[Data extract]

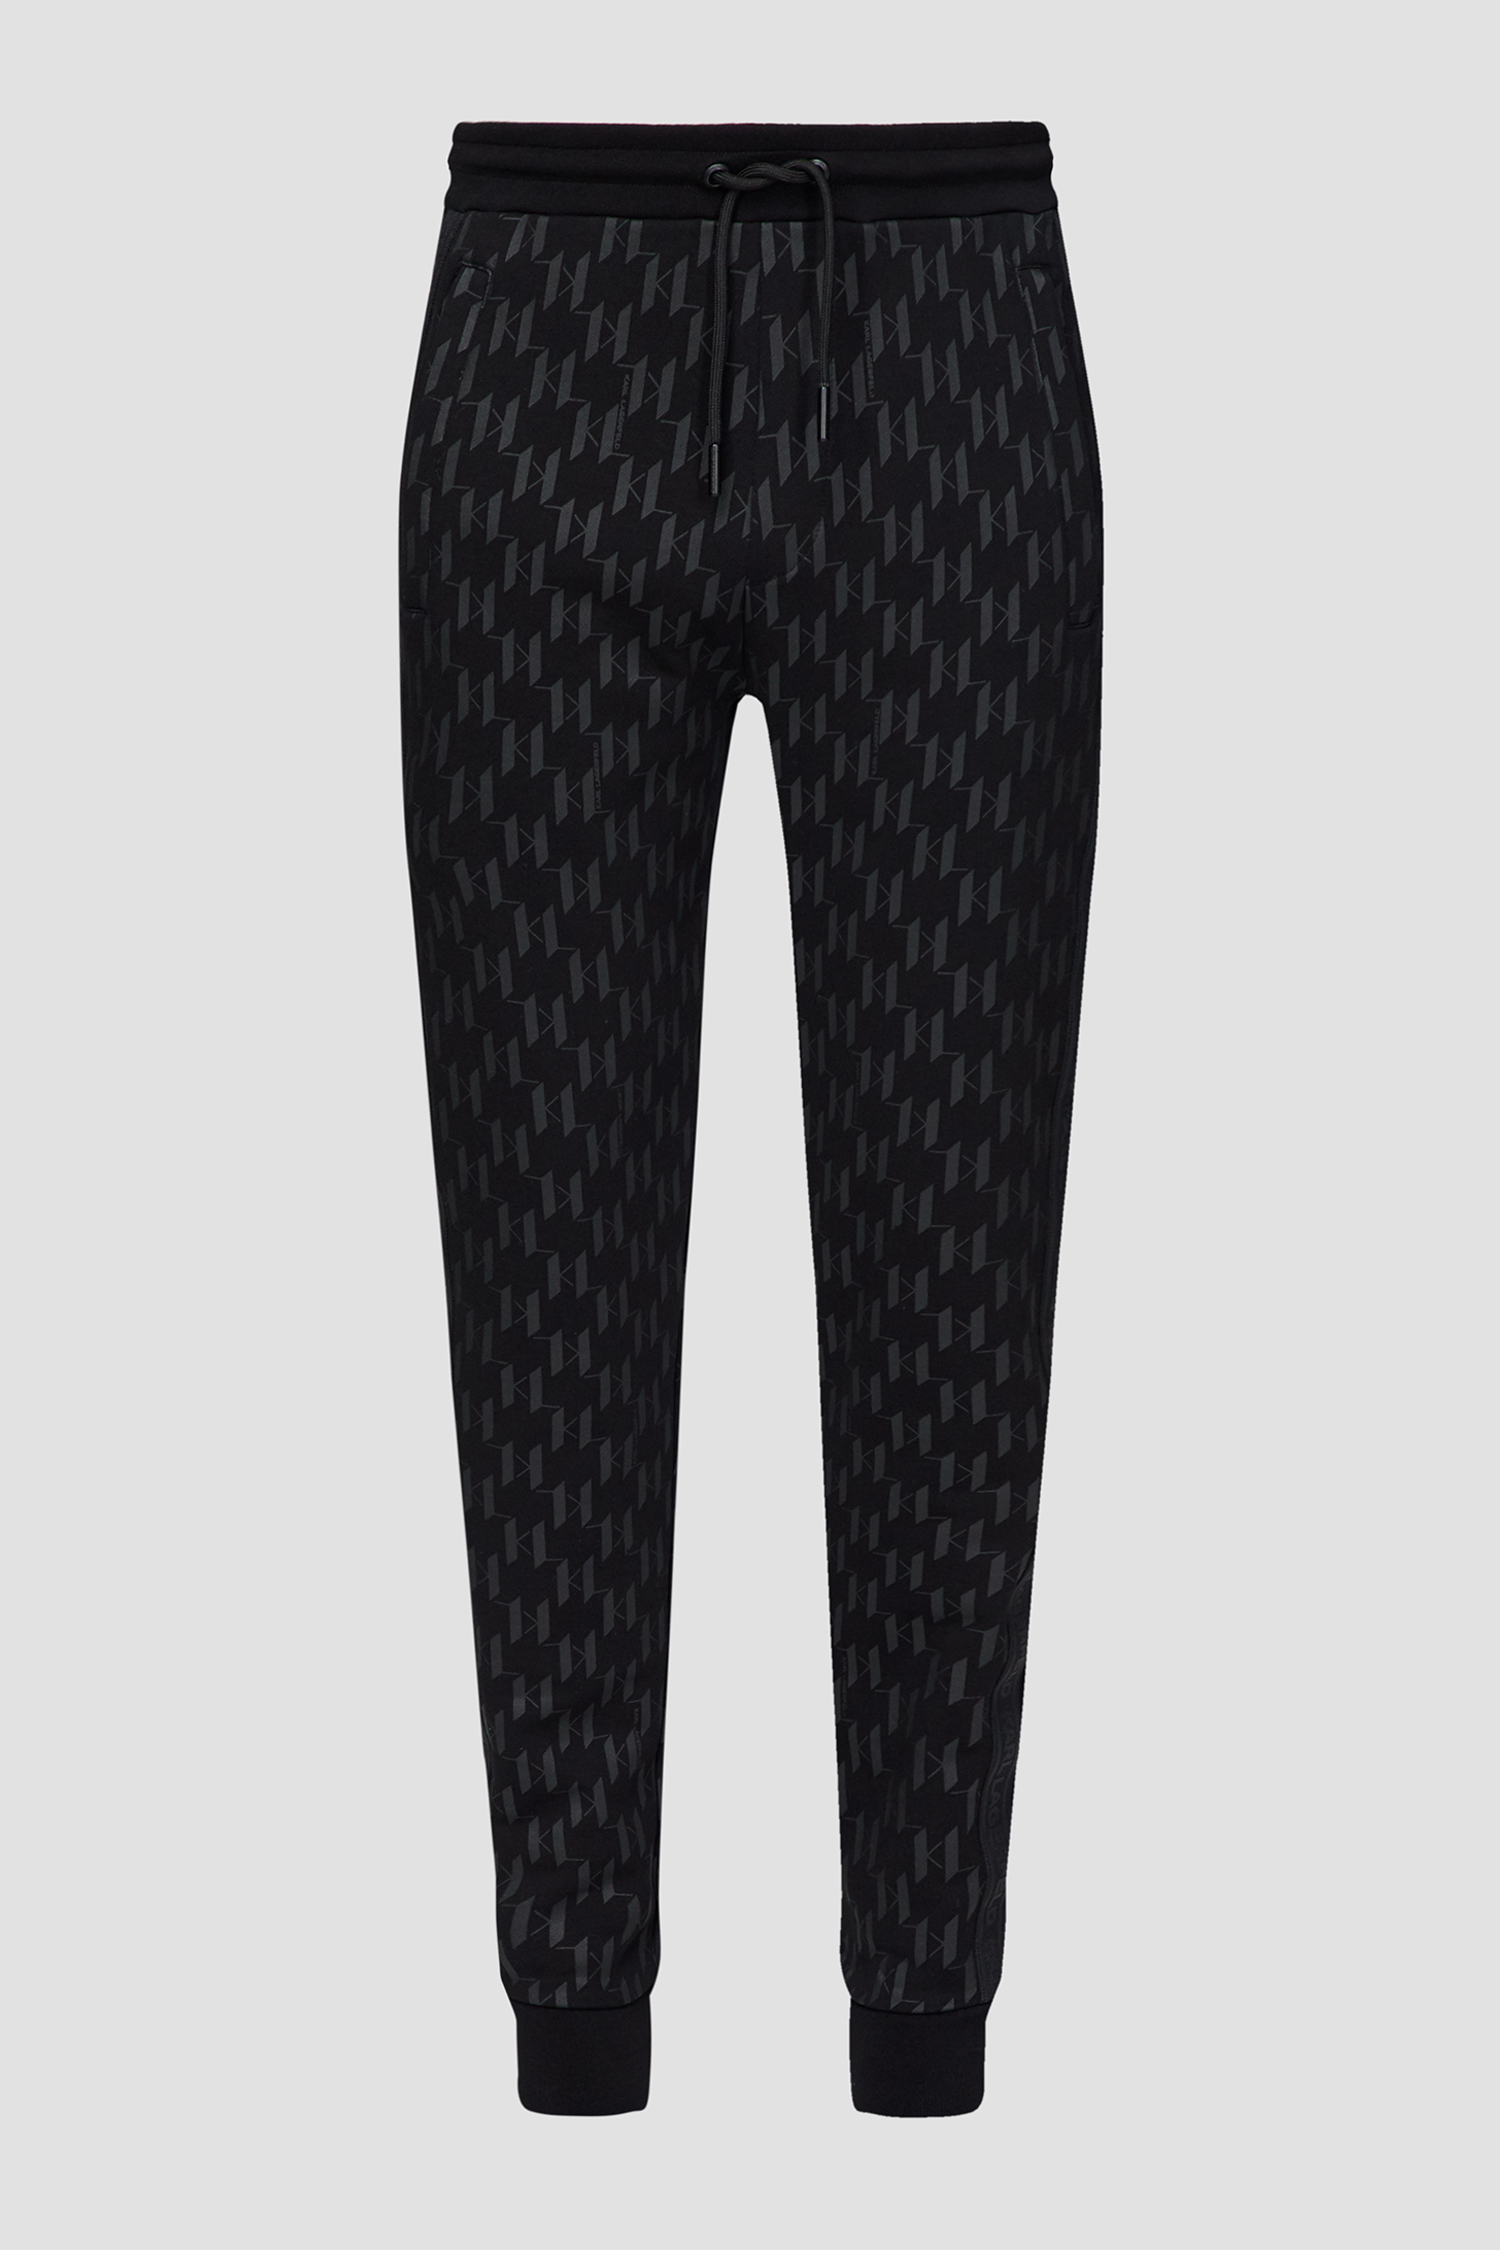 Чоловічі чорні спортивні штани з візерунком Karl Lagerfeld 532951.705077;990
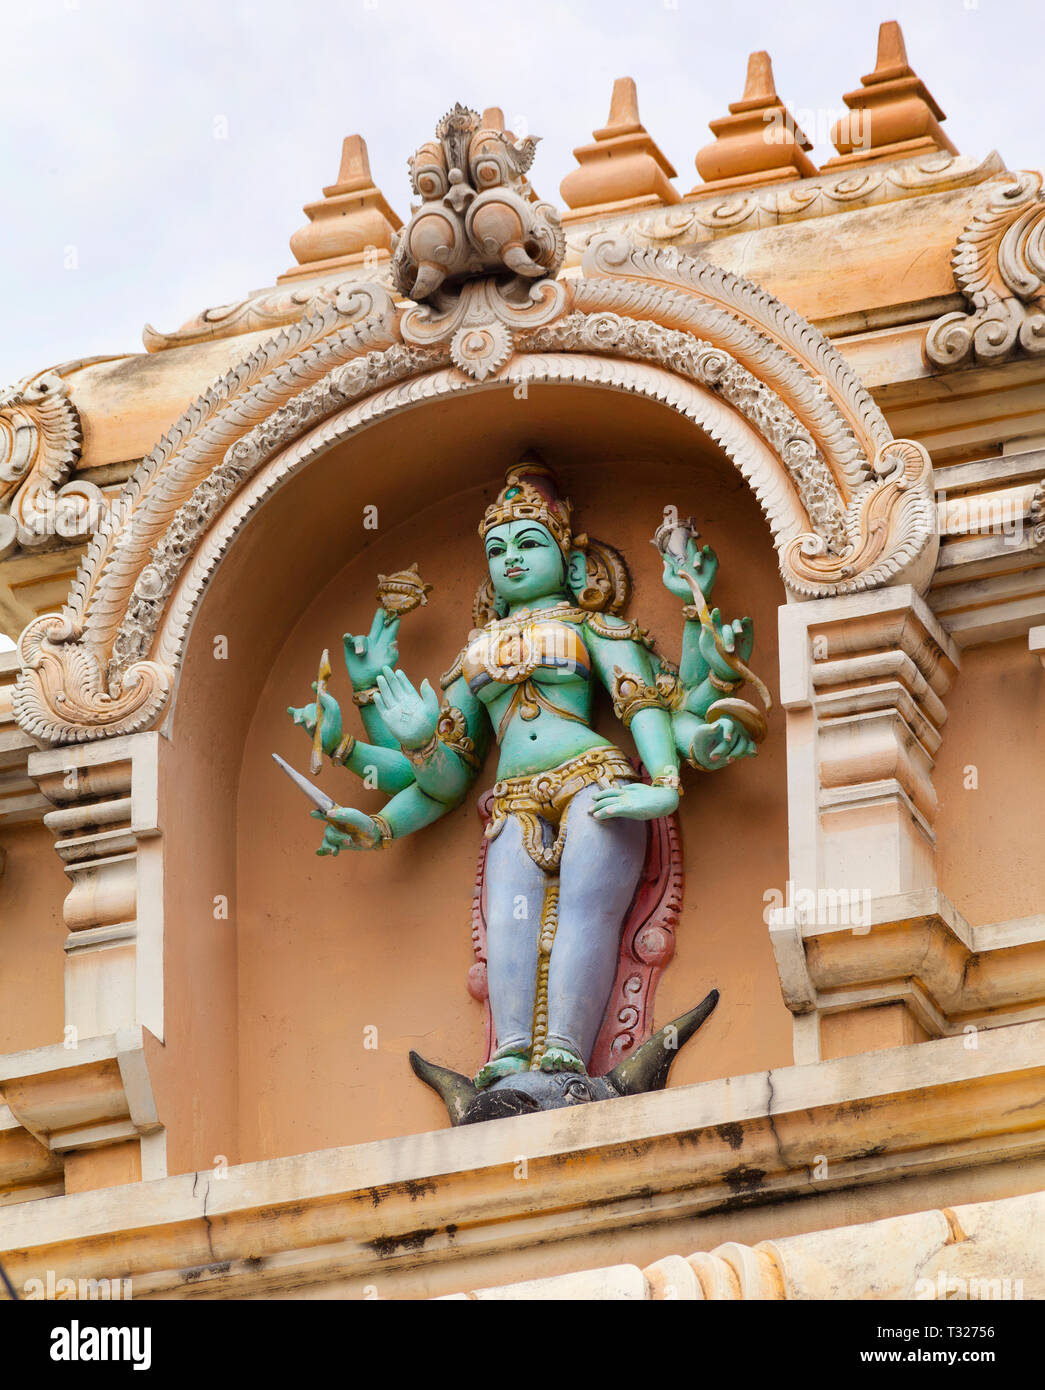 Sri Mariamman temple Dhevasthanam, con el ornamentado Gopuram torre 'raja' en el estilo de los templos del sur de la India. Kuala Lumpur, Malasia. Foto de stock
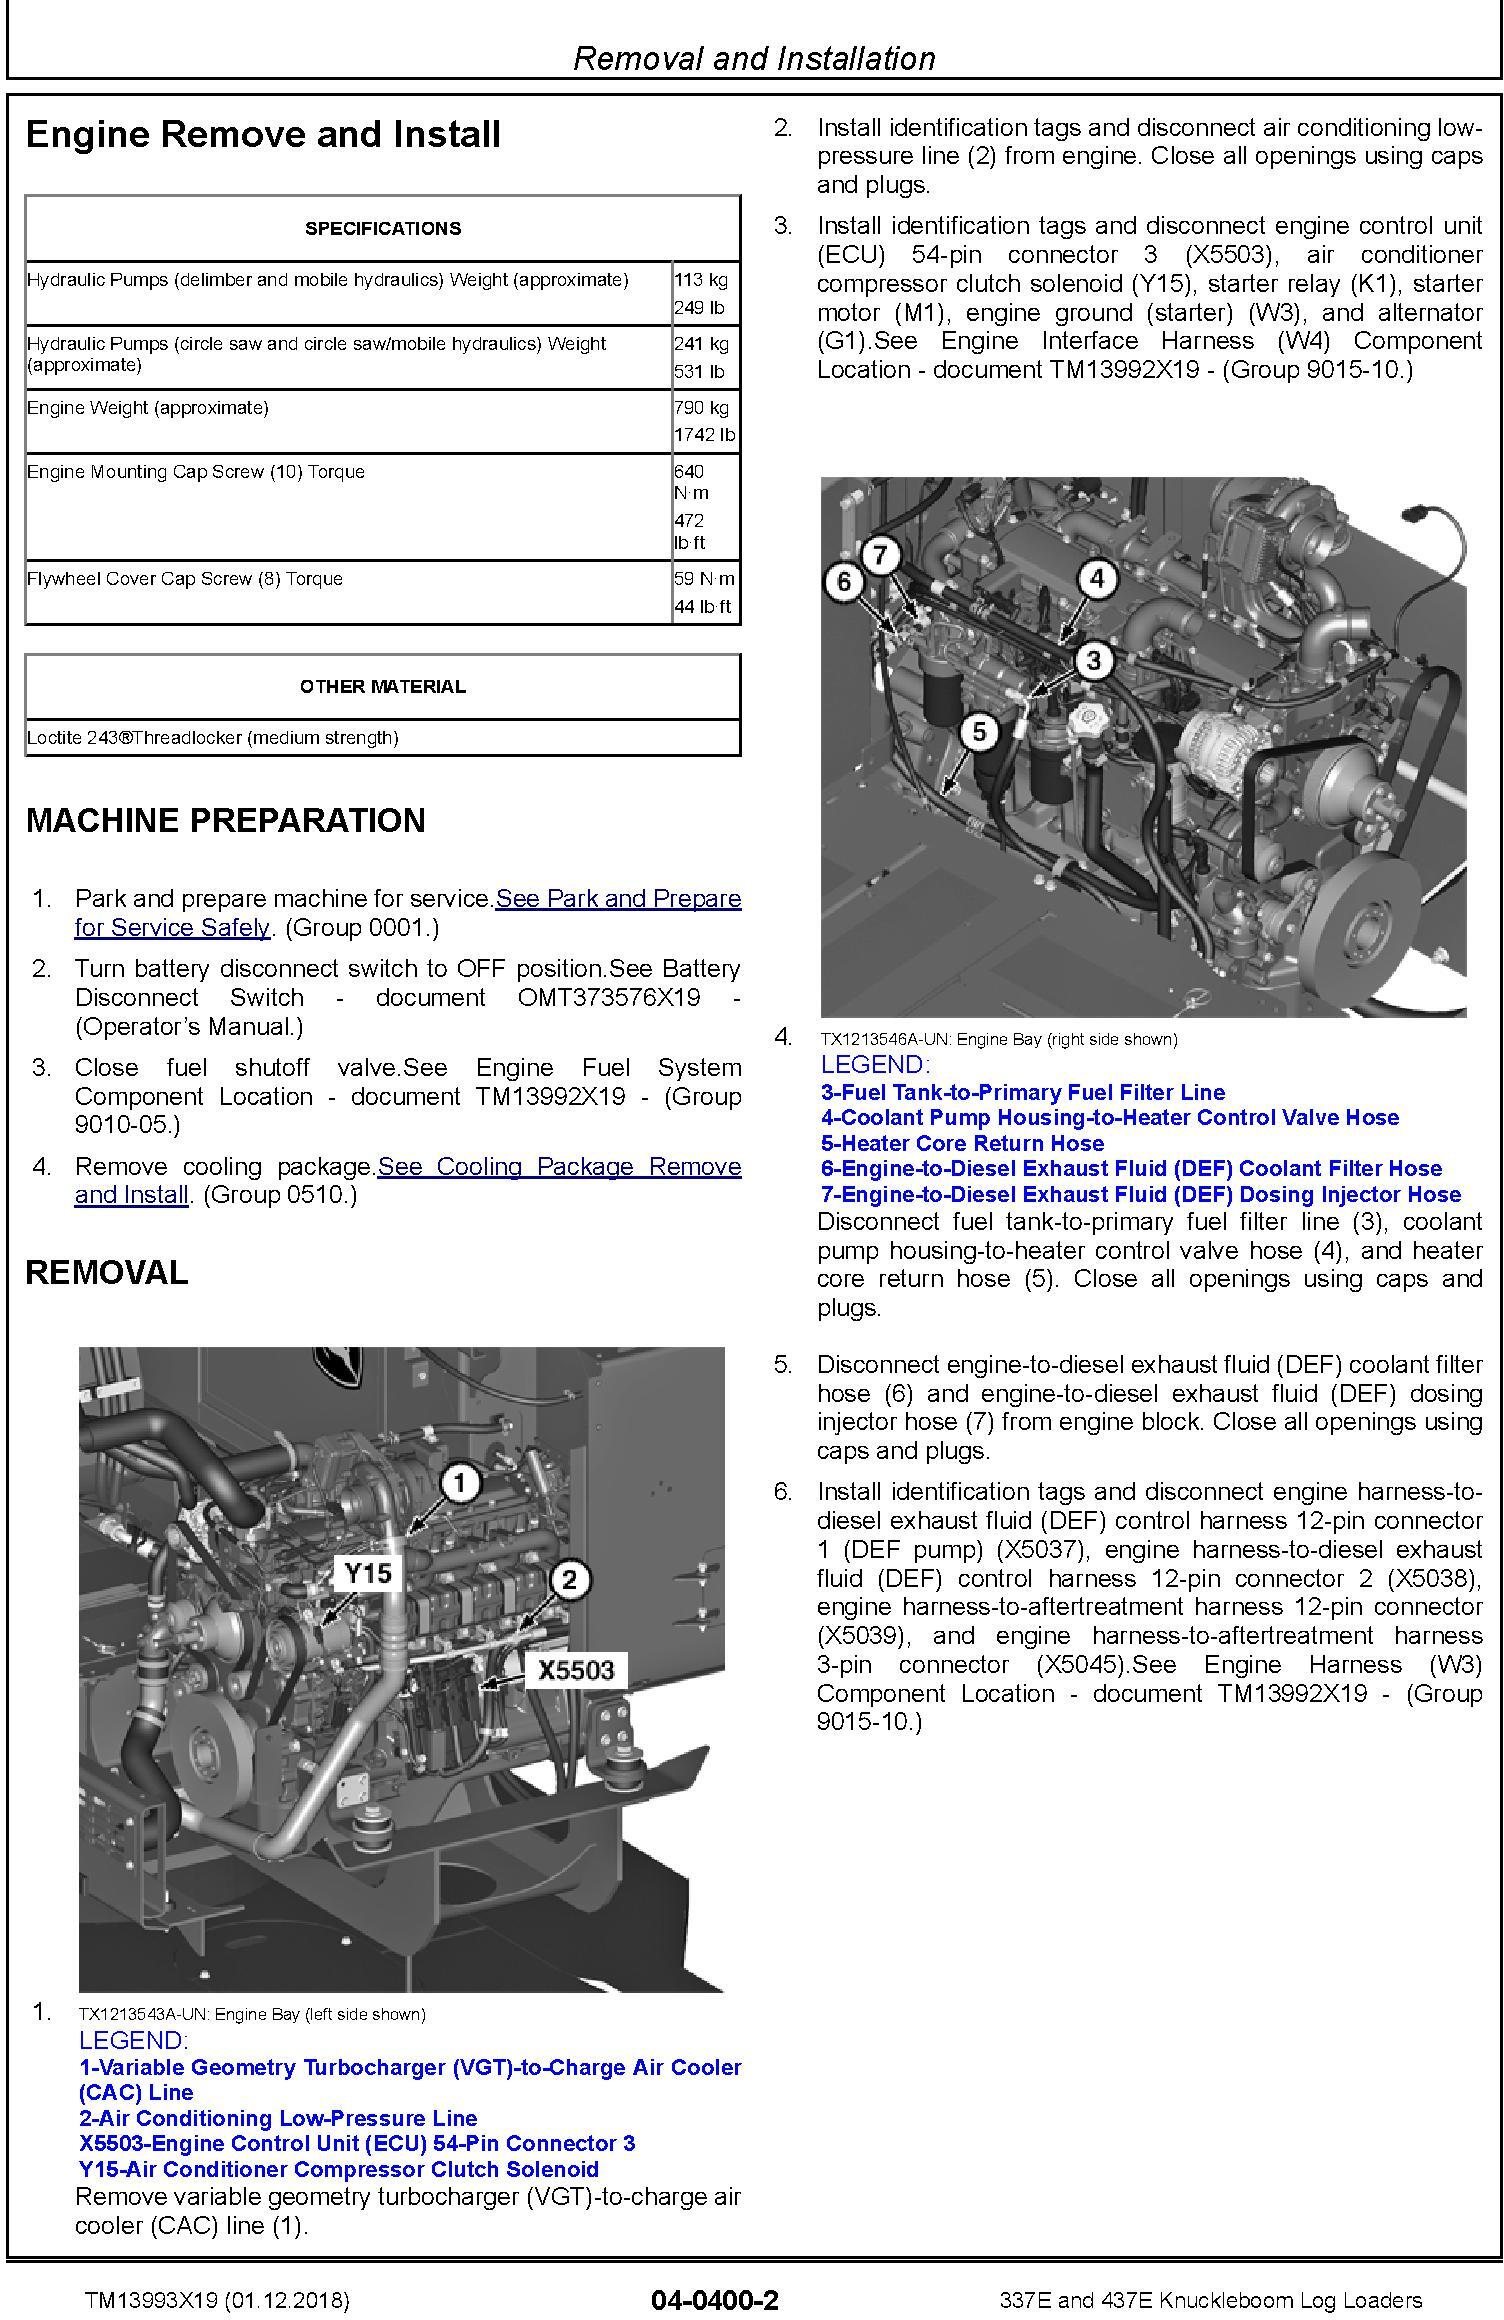 John Deere 337E, 437E (SN.F291461-) Knuckleboom Log Loaders Repair Manual (TM13993X19) - 2

[/Data extract]

■ Work instructions ■
With pictures excluded, the data must be transcribed in full and to the letter.

■ Your solution ■
 Чоловічі чорні спортивні штани з візерунком Karl Lagerfeld 532951.705077;990
 Sri Mariamman temple Dhevasthanam, con el ornamentado Gopuram torre 'raja' en el estilo de los templos del sur de la India. Kuala Lumpur, Malasia. Foto de stock
 John Deere 337E, 437E (SN.F291461-) Knuckleboom Log Loaders Repair Manual (TM13993X19) - 2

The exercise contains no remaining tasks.